Given the records below, the lines starting at the line with "2022 PUBLIC NOTCE" and ending at the line with "Corona virus 2019-nCoV" should be output exactly, both end lines kept and pictures left out.

# Records provided:
□ □ □ □ □ □ □

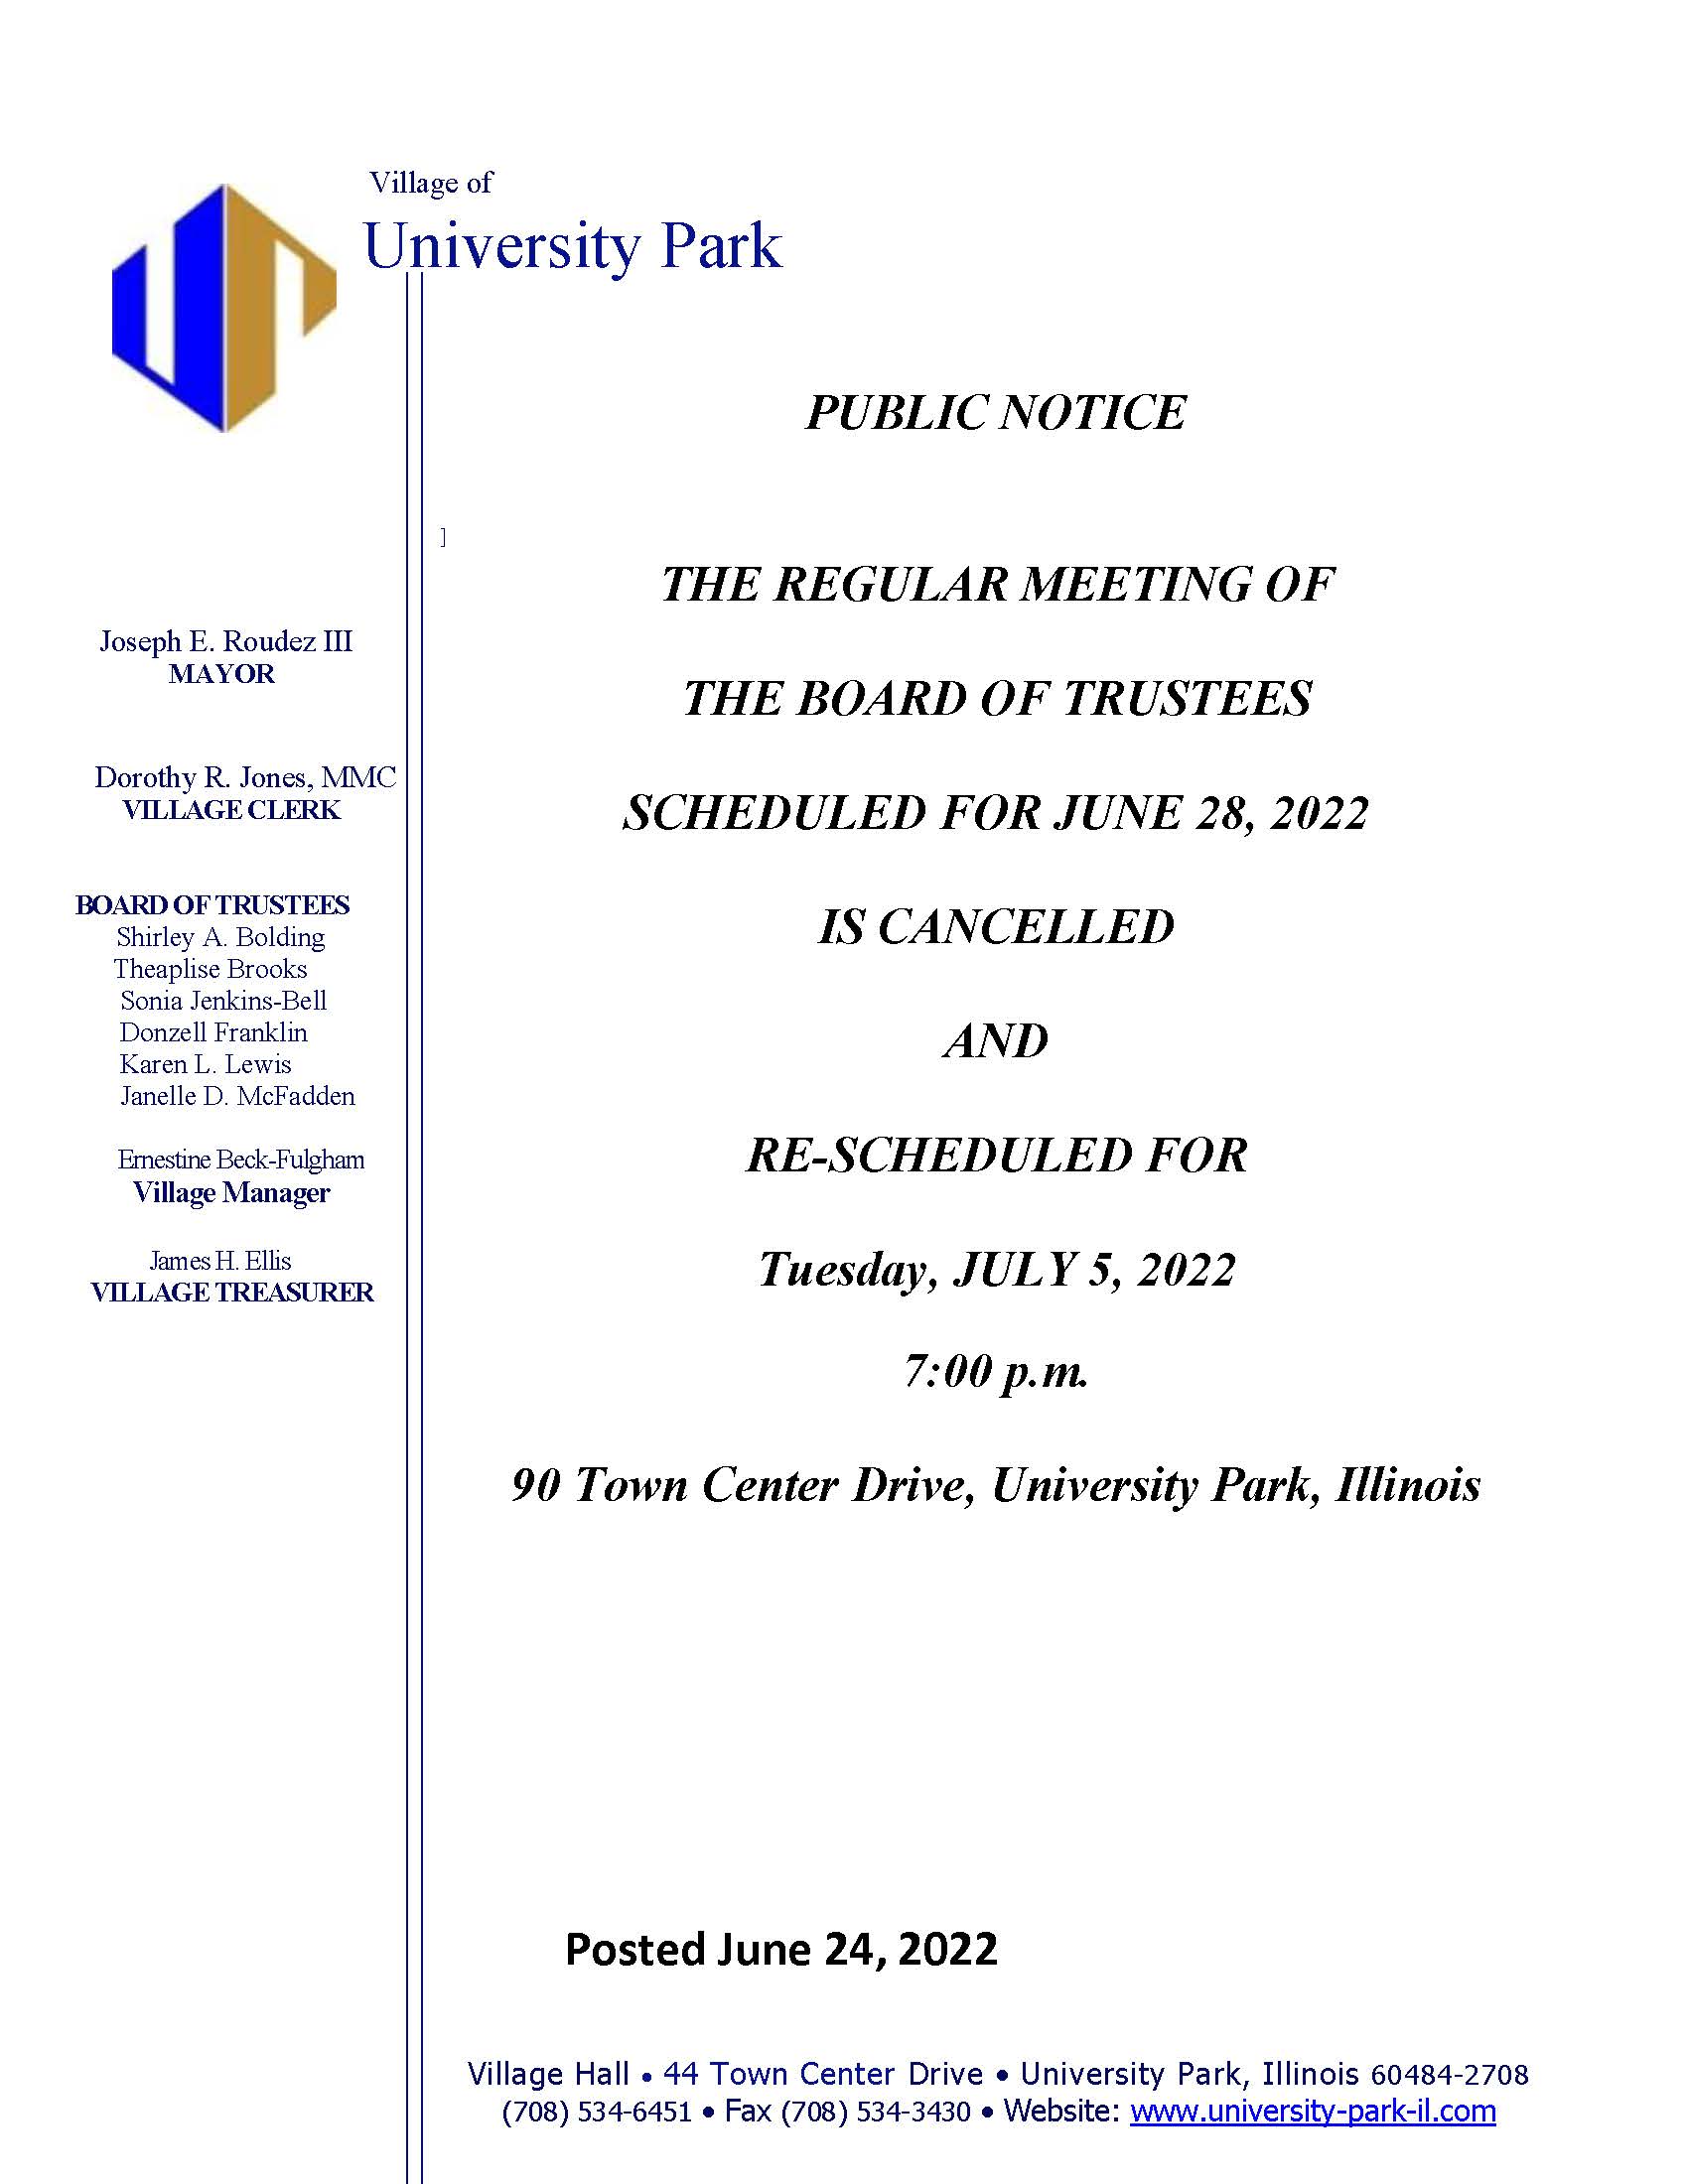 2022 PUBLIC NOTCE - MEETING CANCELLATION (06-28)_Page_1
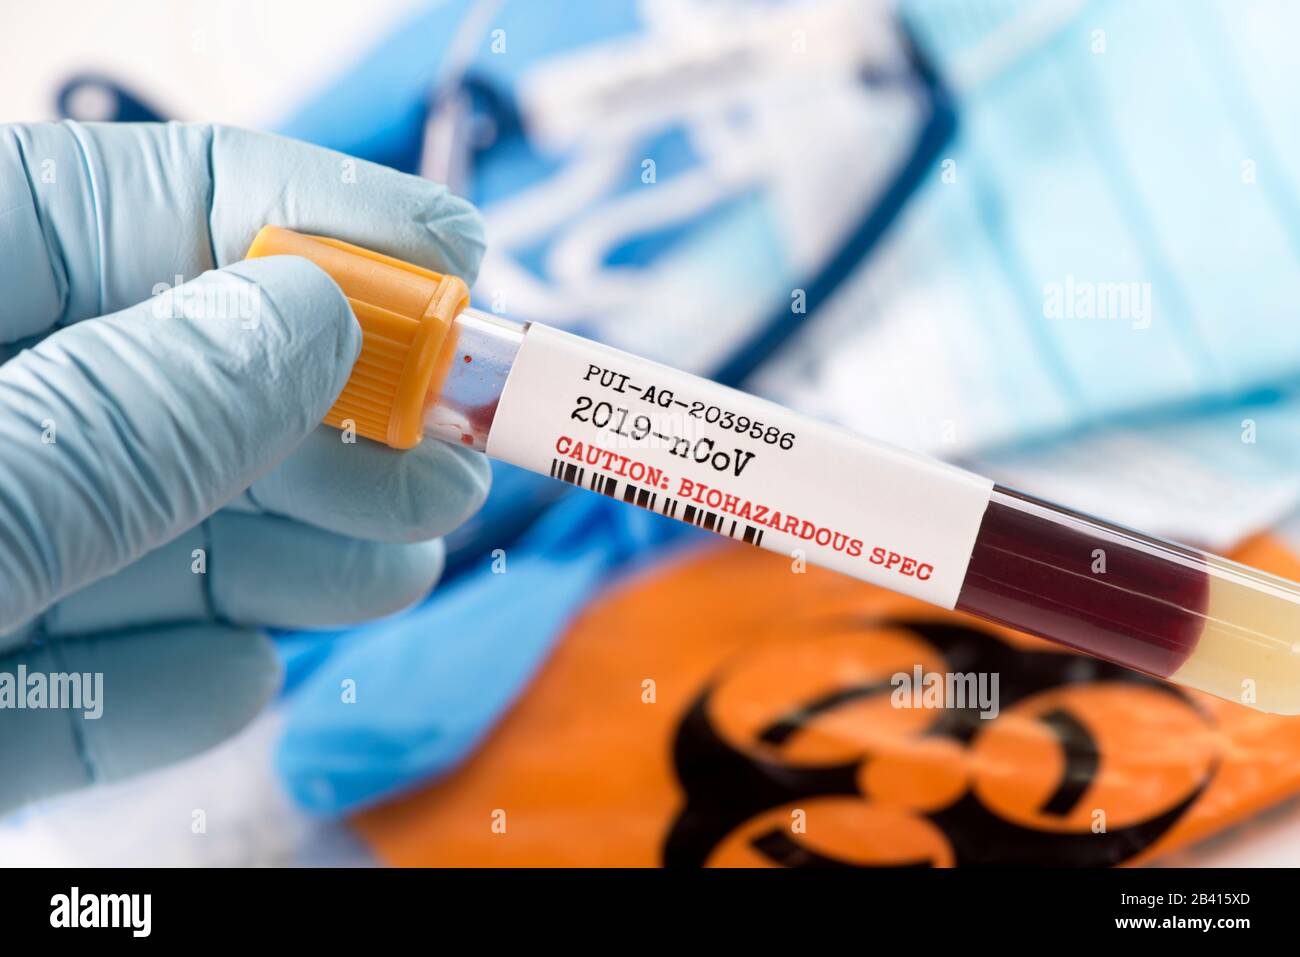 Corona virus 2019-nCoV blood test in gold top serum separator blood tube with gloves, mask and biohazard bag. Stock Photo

□ □ □ □ □ □ □

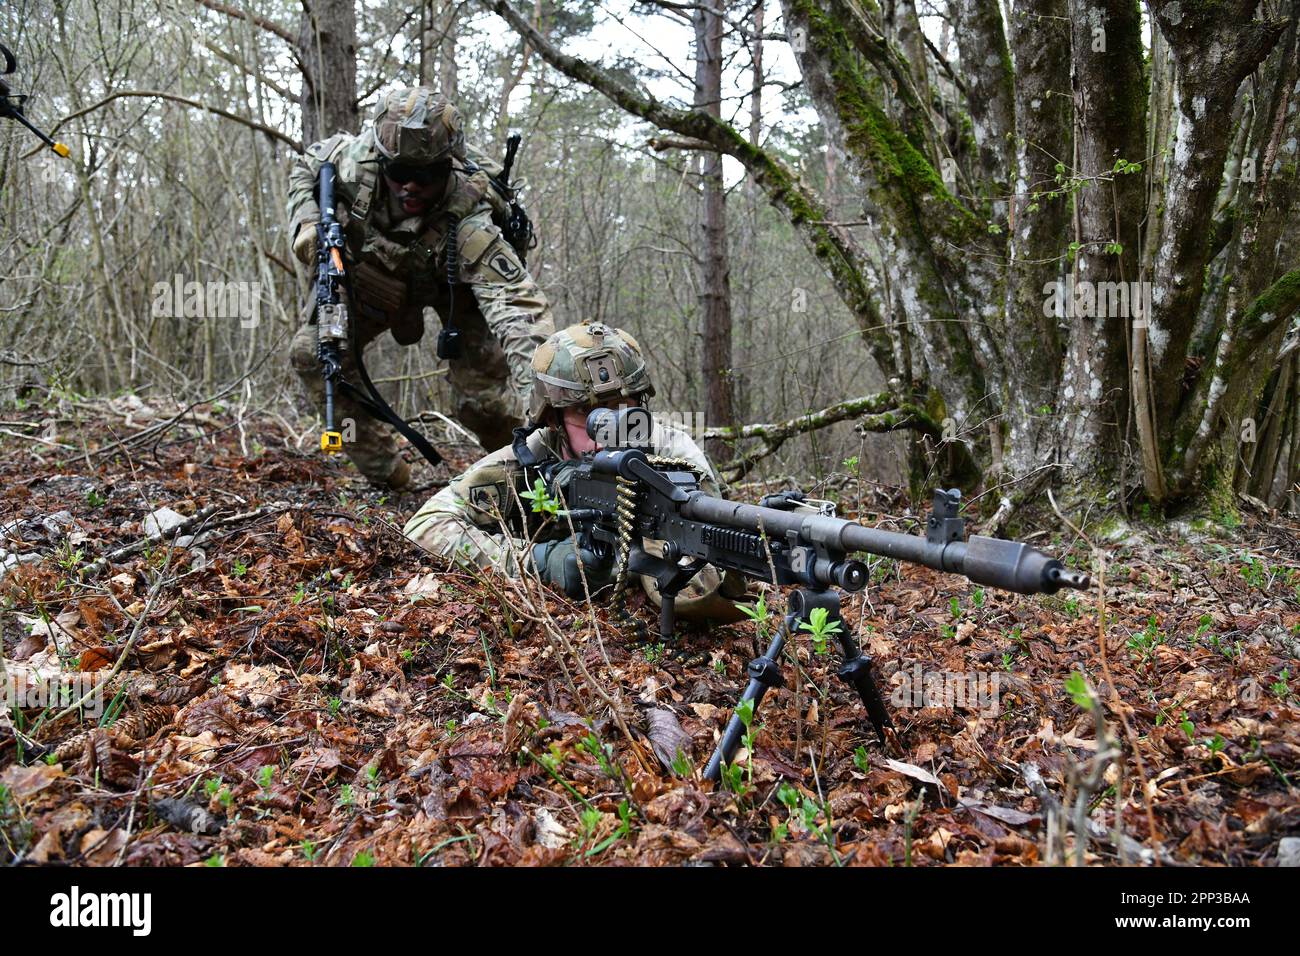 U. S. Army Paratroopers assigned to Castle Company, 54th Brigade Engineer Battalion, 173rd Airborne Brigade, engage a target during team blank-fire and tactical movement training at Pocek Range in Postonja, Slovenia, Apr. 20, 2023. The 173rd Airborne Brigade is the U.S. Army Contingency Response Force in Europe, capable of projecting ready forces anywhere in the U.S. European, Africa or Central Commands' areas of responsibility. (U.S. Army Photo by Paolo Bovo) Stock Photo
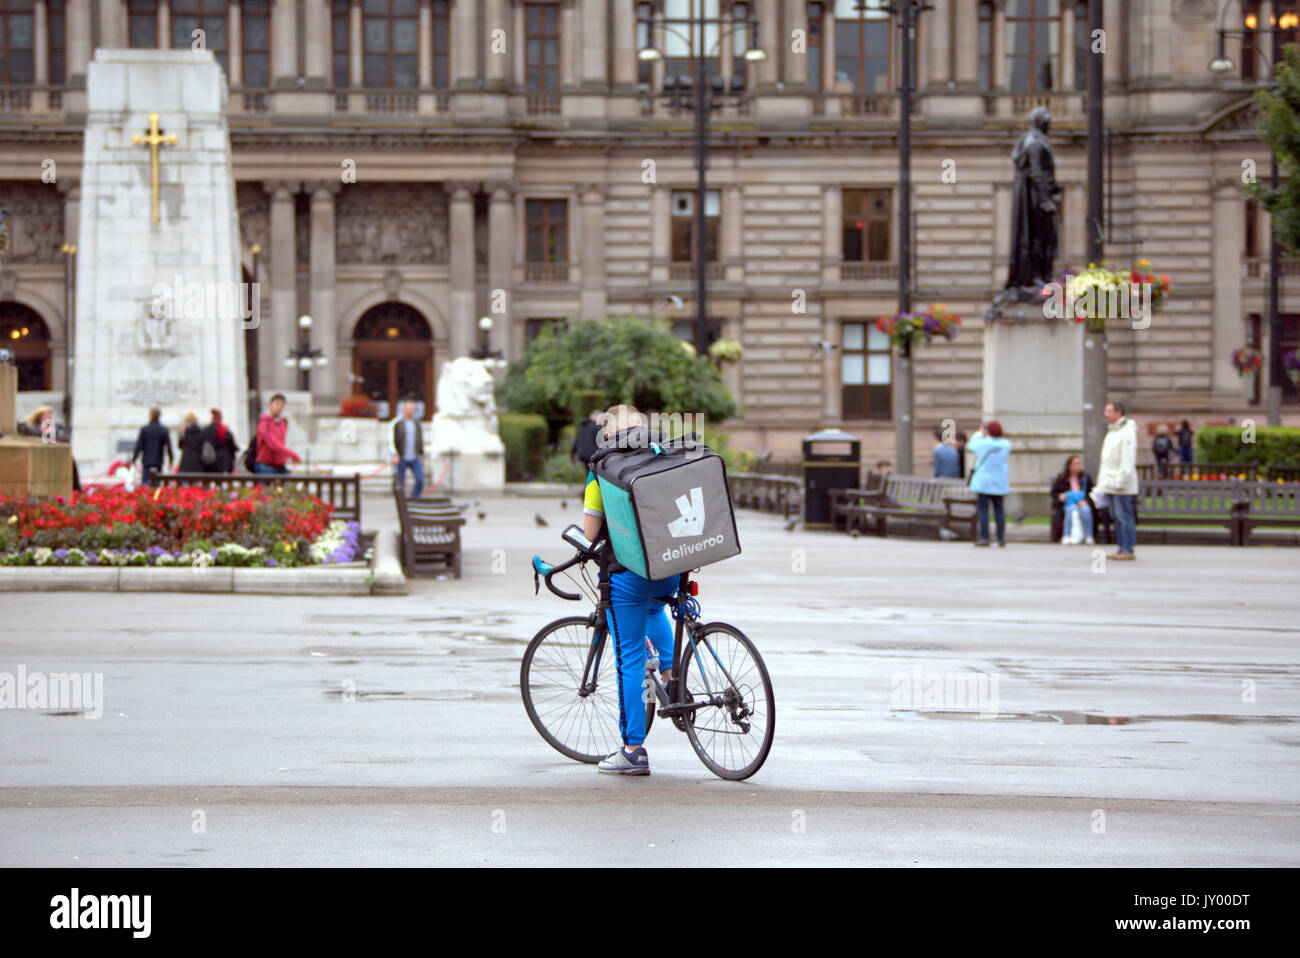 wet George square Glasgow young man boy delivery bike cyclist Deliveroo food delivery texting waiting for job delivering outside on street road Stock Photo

□ □ □ □ □ □ □

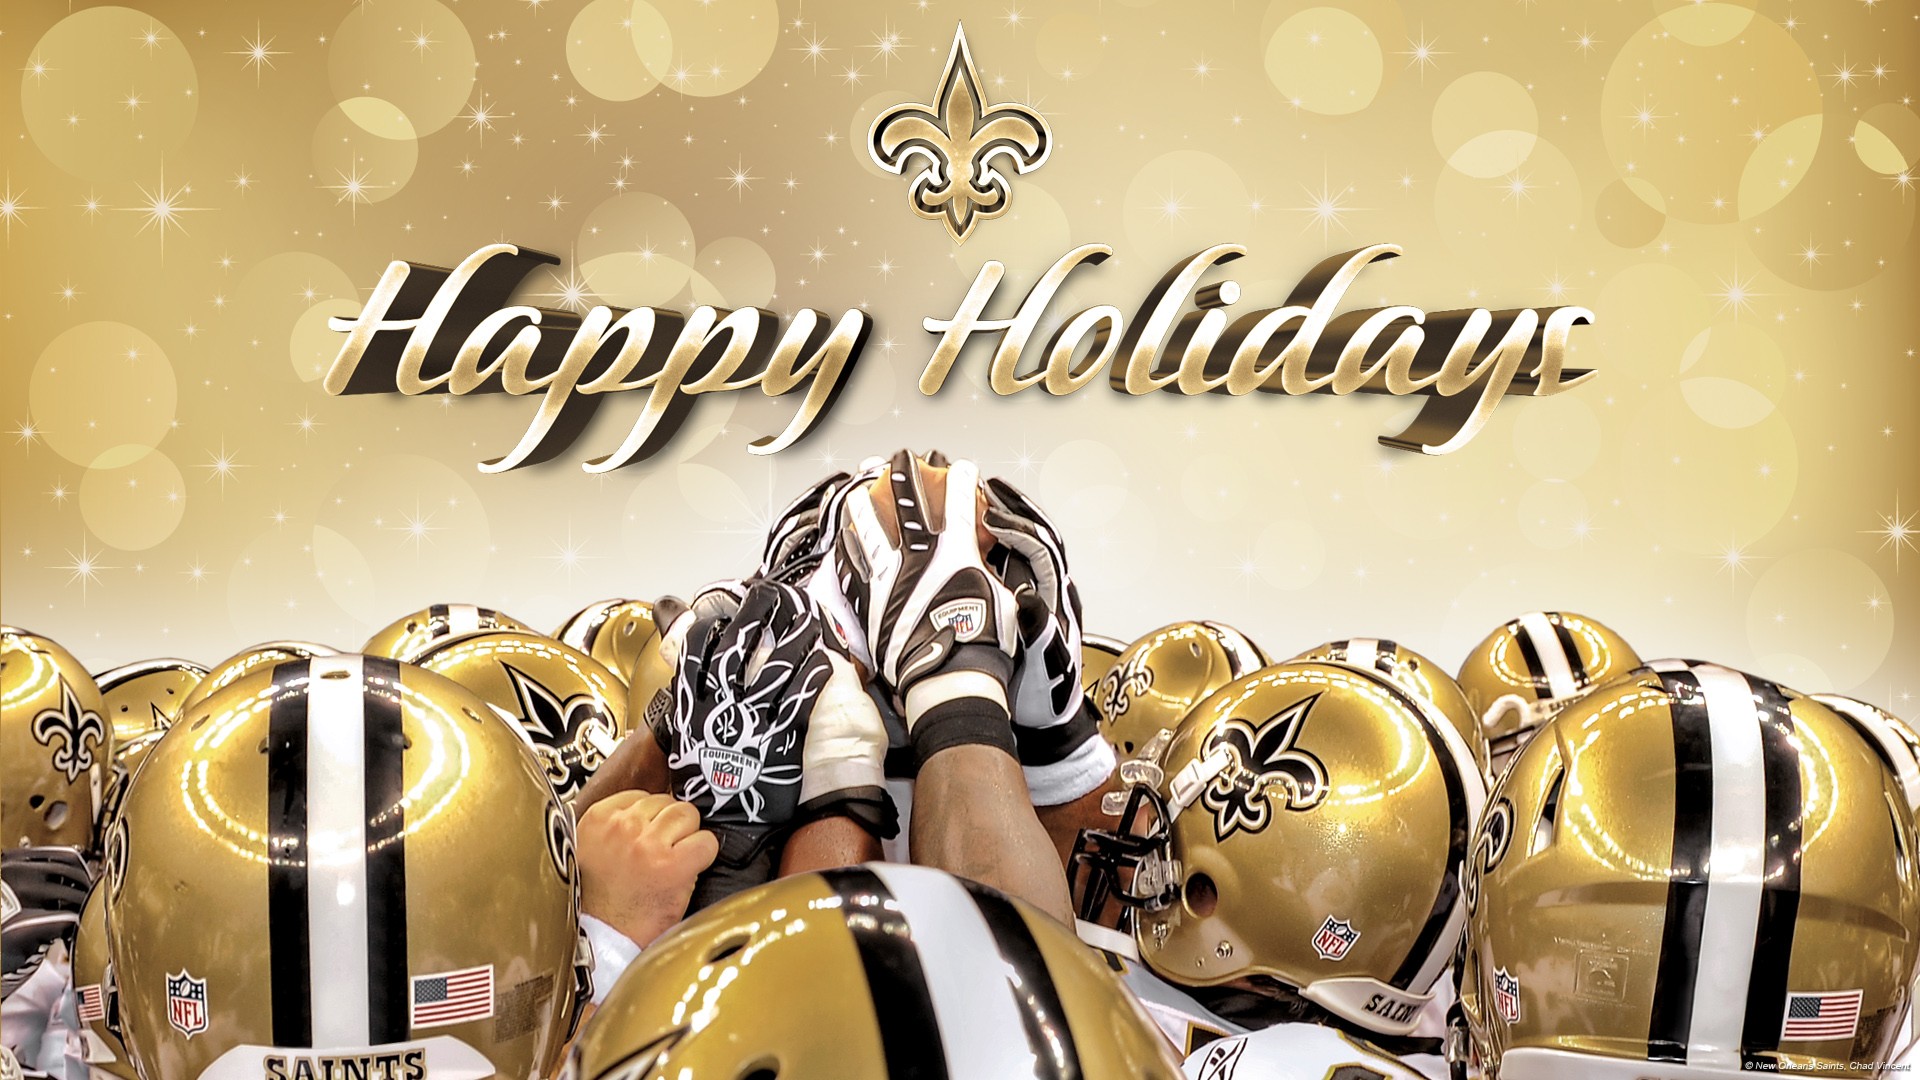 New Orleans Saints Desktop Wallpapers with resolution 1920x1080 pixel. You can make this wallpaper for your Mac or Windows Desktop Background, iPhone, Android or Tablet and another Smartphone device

□ □ □ □ □ □ □

# Expected output:
 2022 PUBLIC NOTCE - MEETING CANCELLATION (06-28)_Page_1
 Corona virus 2019-nCoV blood test in gold top serum separator blood tube with gloves, mask and biohazard bag. Stock Photo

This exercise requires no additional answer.